Governor of Trujillo
- In office 2012–2021
- Preceded by: Hugo Cabezas
- Succeeded by: Gerardo Márquez

Personal details
- Born: 1961 (age 64–65) Trujillo, Venezuela
- Party: United Socialist Party of Venezuela (PSUV)

= Henry Rangel Silva =

Venezuelan politician and general

Henry de Jesús Rangel Silva (born 1961) was the governor of Trujillo, Venezuela in 2012-2021. A military general and former Minister of Defense, Rangel Silva was previously the head of Operational Strategic Command of the Venezuelan Armed Forces, head of the DISIP (from 2005) and Director of CANTV (from 2009). Rangel Silva took part in the coup attempt of February 1992 together with Hugo Chávez.

== Career ==
In 2008, the U.S. Office of Foreign Assets Control (OFAC) sanctioned three current or former Venezuelan government officials, saying there was evidence they had materially helped the Revolutionary Armed Forces of Colombia (FARC) in the illegal drug trade. The order "freezes any assets the designated entities and individuals may have under U.S. jurisdiction and prohibits U.S. persons from conducting financial or commercial transactions involving those assets". Rangel, Hugo Carvajal, former director of Venezuela's military intelligence (DGIM); and Ramón Rodríguez Chacín, former Minister of the Interior, were sanctioned.

In November 2010, Rangel declared that the military forces are "married to the political, socialist project" led by Hugo Chávez in Venezuela.
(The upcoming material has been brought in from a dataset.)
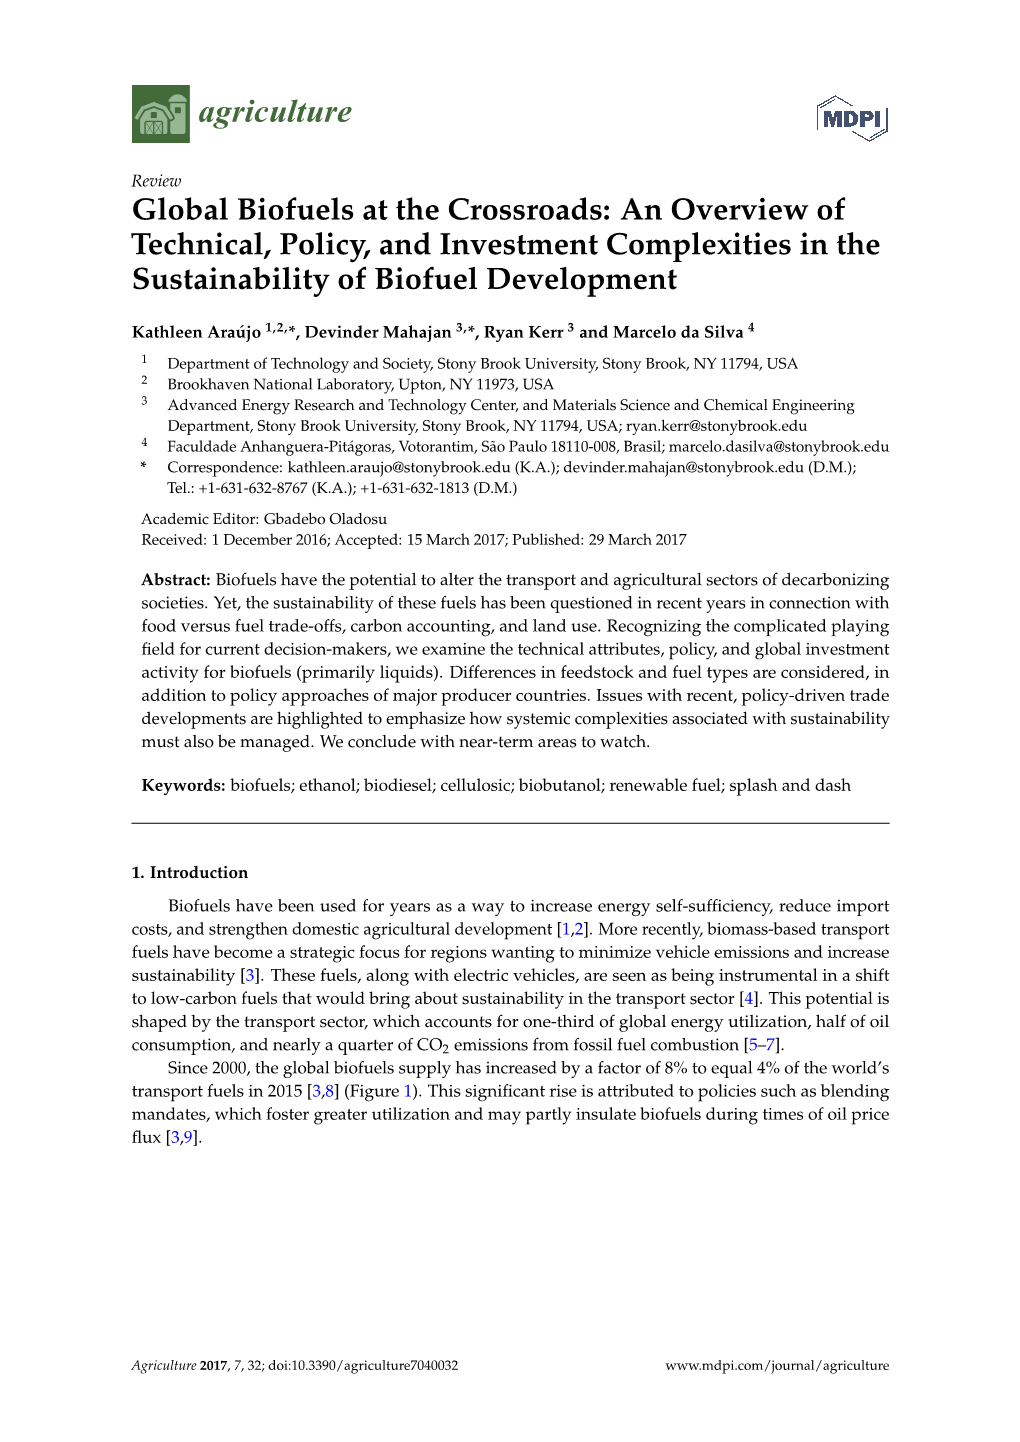 Global Biofuels at the Crossroads: an Overview of Technical, Policy, and Investment Complexities in the Sustainability of Biofuel Development

Then he added that the arrival of a government different from Chávez would be unacceptable:

"The hypothesis (of an opposition government) is difficult, it would mean to sell of the country, people won't accept that, the Armed Forces won't and the people less."

Shortly after, Rangel was promoted to General-in-Chief, the highest rank obtainable in the Venezuelan military.

In October 2012, Rangel Silva was chosen as the PSUV's candidate in Trujillo state after the then-current governor, Hugo Cabezas, announced he would not seek re-election. In December, he was elected governor of Trujillo state by 82.30% of the vote, in Venezuela's regional elections of 2012. He was re-elected in the 2017 regional elections by 59.75% of the vote. He lost PSUV primaries for
2021 regional elections.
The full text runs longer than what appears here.